Reusable I was able to utilize the application with a little bit of effort. I was able to select various effects and problems and within a few minutes the tool told me the probable underlying causes. It was a neat demonstration and I commend the authors for making it available (and reusable).

As Michael pointed out, it would be more useful (ie reusable) if it was easier to run on all platforms with the latest libraries.

I would suggest to update the installation instructions to reflect the limitations of the package (e.g. julia v1.1.1). Also, I would remove the installation instructions from the readme to avoid duplication).

Finally, it would be neat if this tool was hosted somewhere, perhaps NaPiRE's web site?

I recommend both Available and Reusable badges.

[michaelrath-work]

Evaluation

The submission aims for Available and Resuable.

Available

The artifact can be access via link on figshare.

Notes: none

Reusable

• The artifact can be used following the authors' instructions.
• Further, it is documented, both in readme/instructurions, and source code.
• Additionally, the chosen artifact structure is fine.

Notes: The vague terms recent-ish linux/julia etc need to be more specific (e.g. it only works with julia version 1.1.1). Therefore, please update these requirements.

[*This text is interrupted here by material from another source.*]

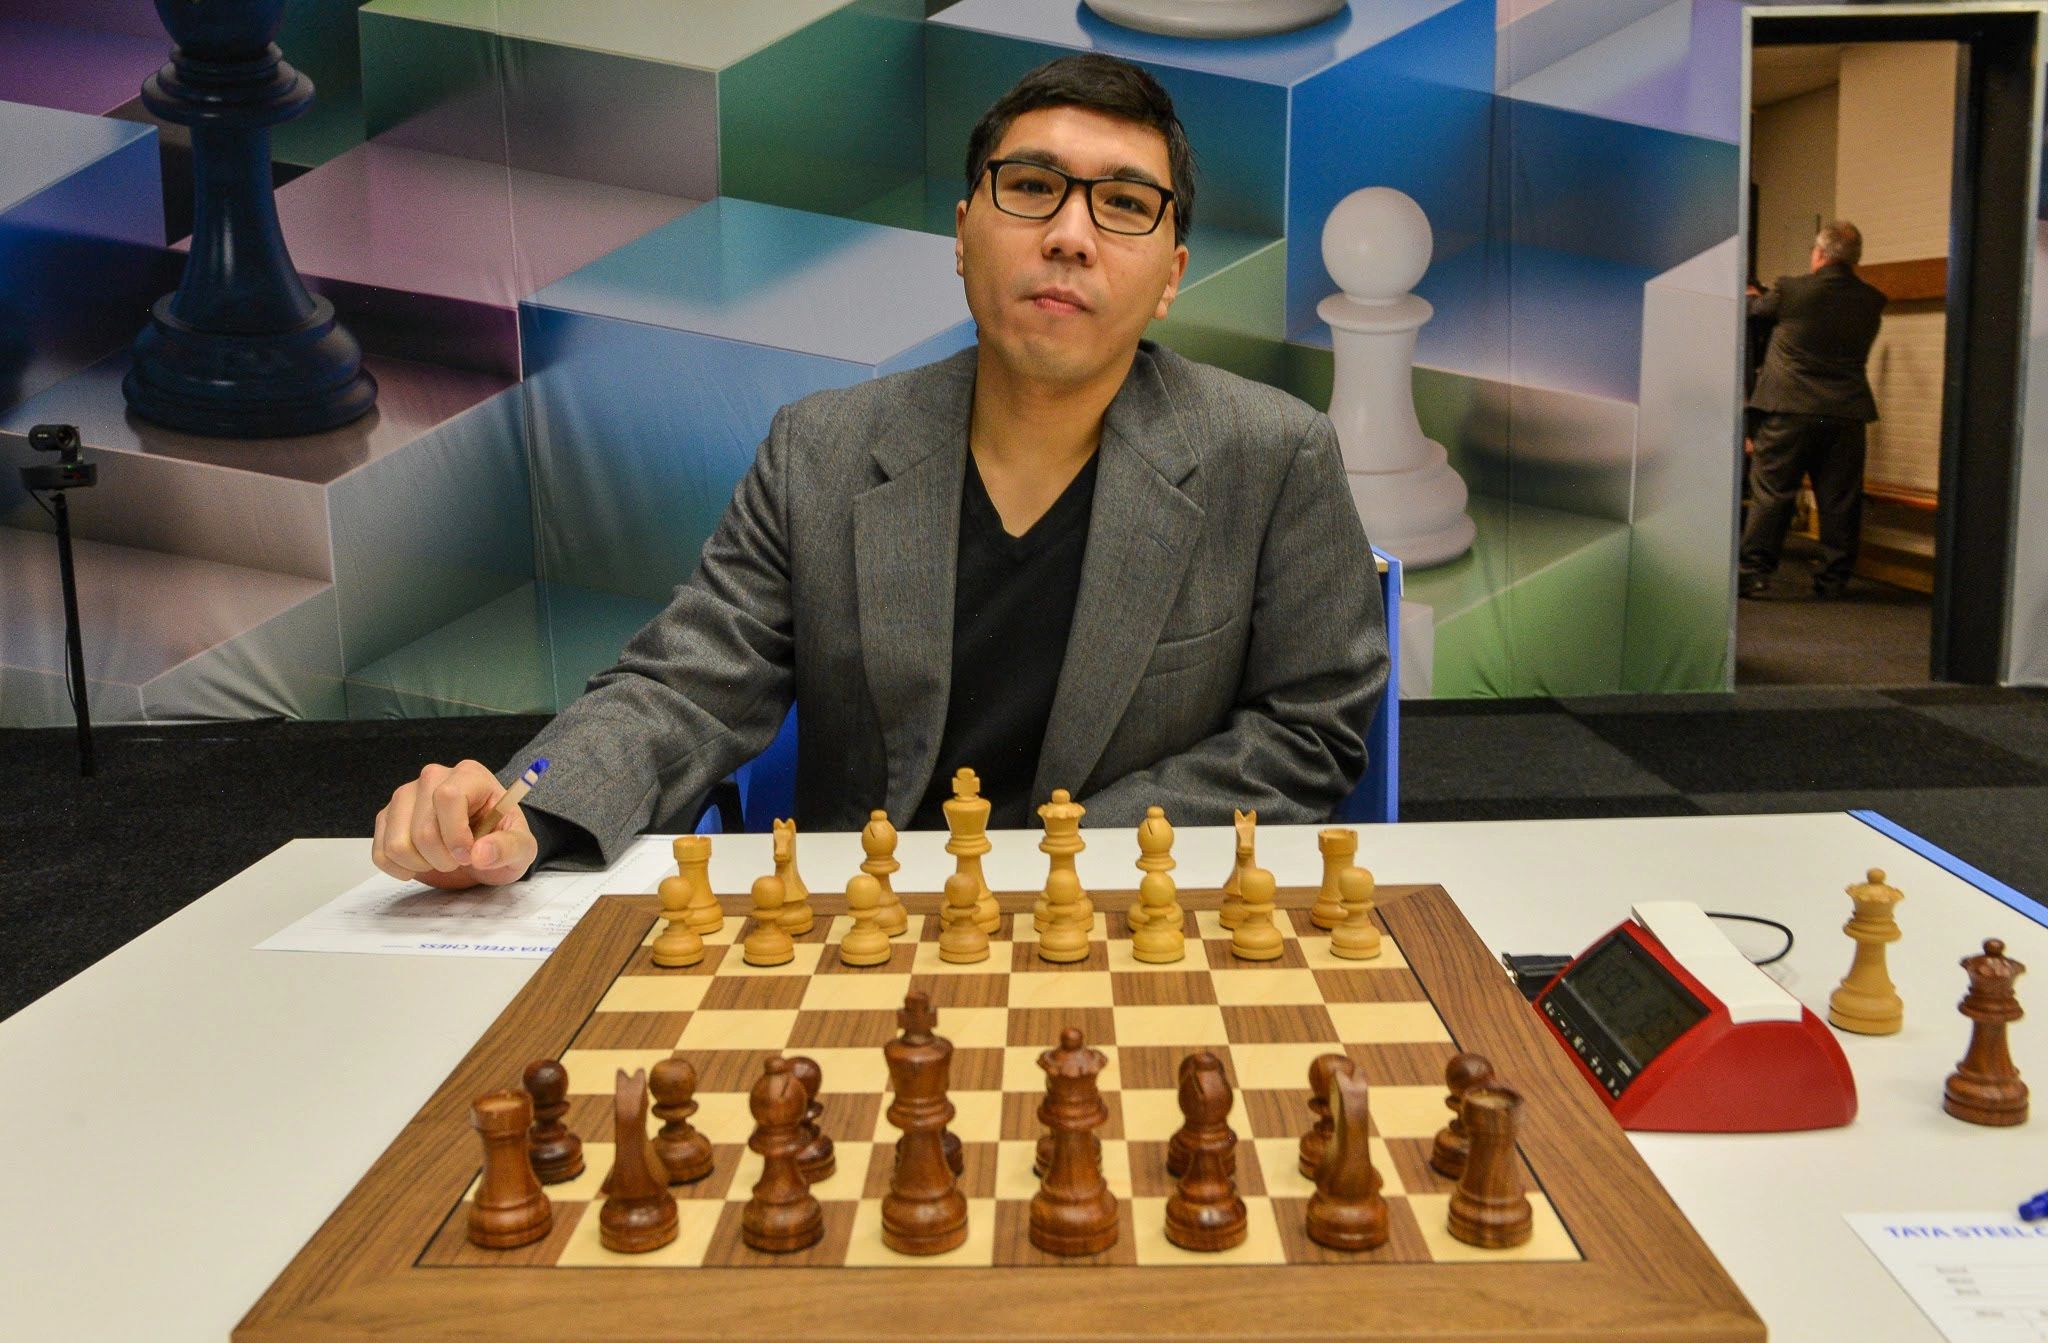 Tata Steel Masters 2023 – Round 3 pairings – Chessdom
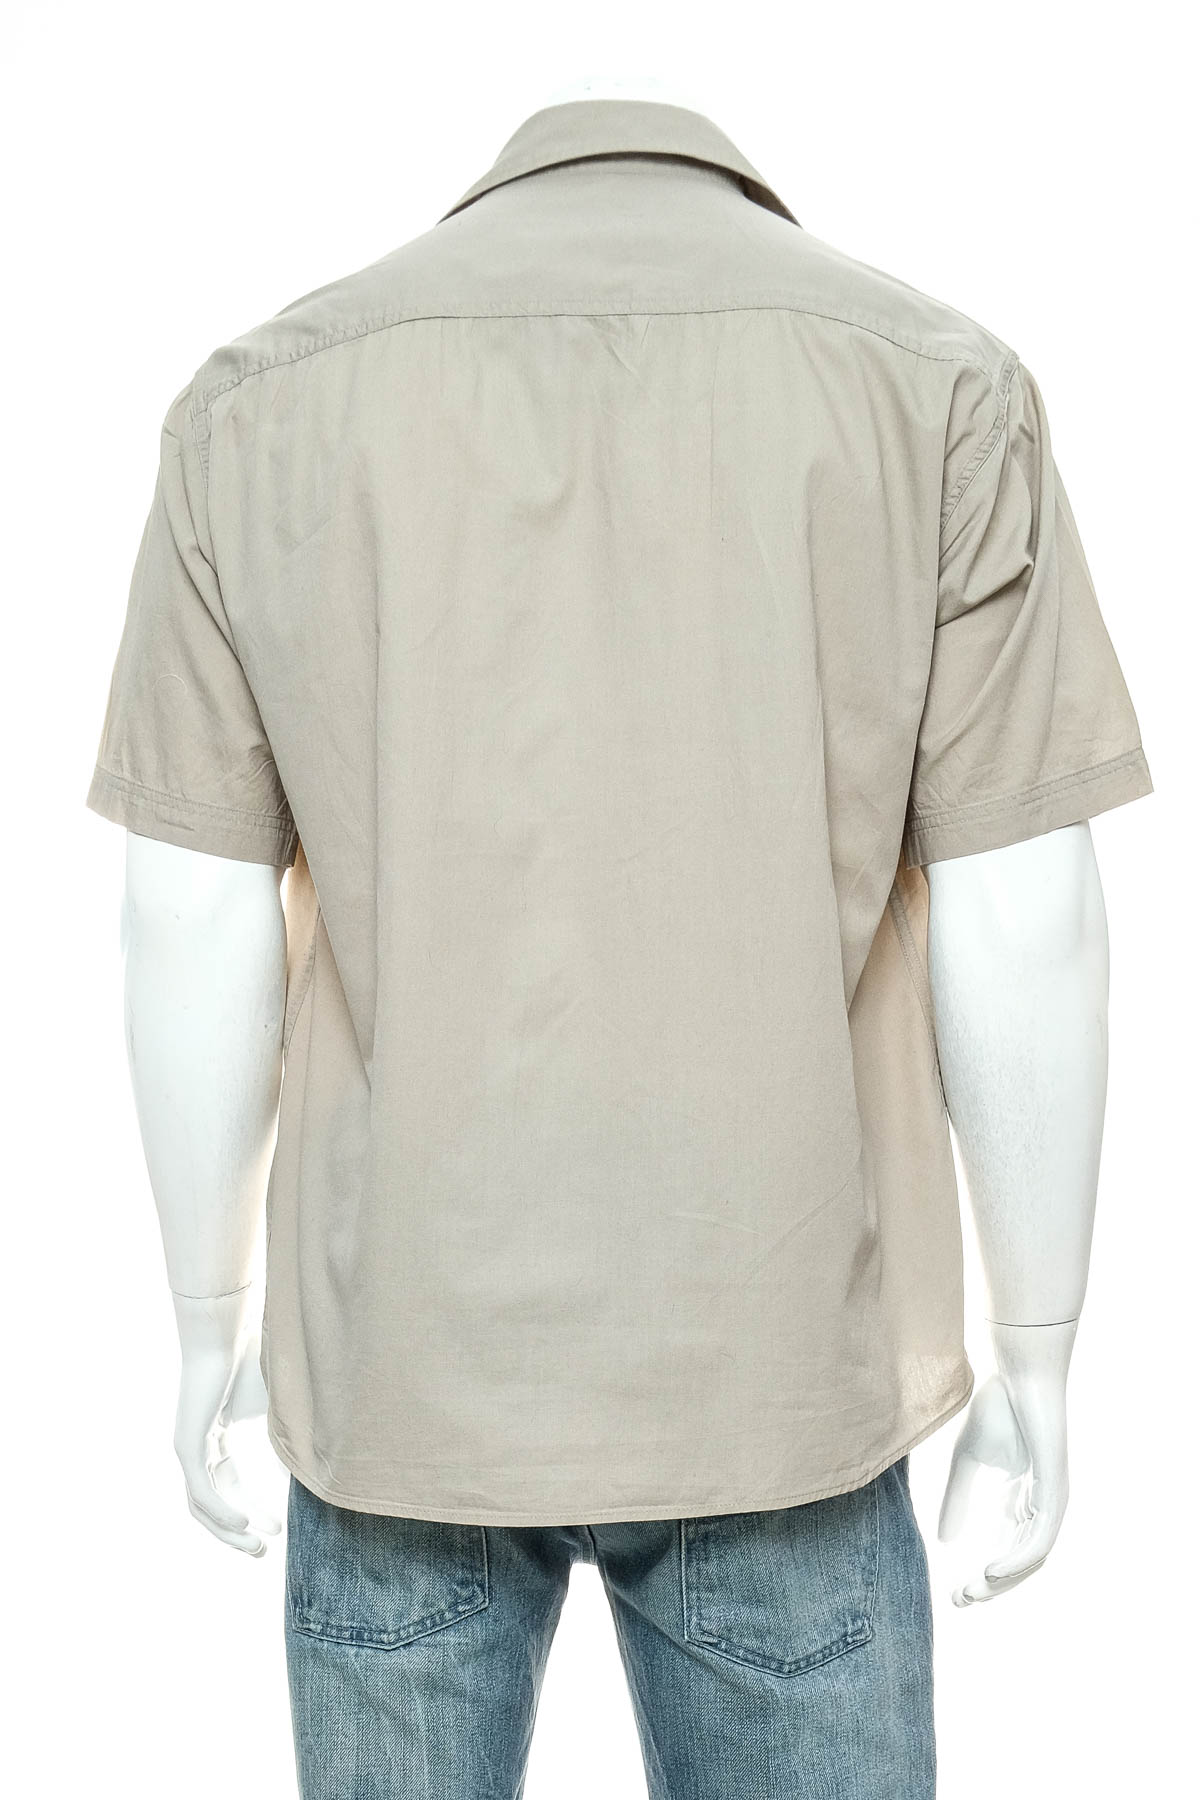 Ανδρικό πουκάμισο - Port Louis - 1

IMHO: At best, a docker setup with appropriate Dockerfile would be perfect and simplify usage.

Result

I recommend both Available and Reusable badges.

[fabianodalp]

Thank you all for the good discussion and for the changes. We will award both badges here: available and reusable. @andivogelsang @fwiesweg please fix the last round of minor comments and I think we are good to go. Also, make sure your camera-ready paper points to the DOI that makes the badge available.

[fwiesweg]

I just updated the artifact on figshare, reflecting the suggestions. In addition, I included a pre-compiled version of the userweb interface, since compiling Angular applications without experience in the Javascript ecosystem can sometimes become a day's work.

As for the Dockerfile, I'll keep that in mind for the next time. It's definitely a very good idea for research artifacts!

Concerning hosting, the calculations can easily become very resource intensive (details are in the paper), and the backend has not been tested extensively for security issues. So while possible in the future, it requires some more thought to do so in a safe and affordable way.

Thank you all very much for your feedback!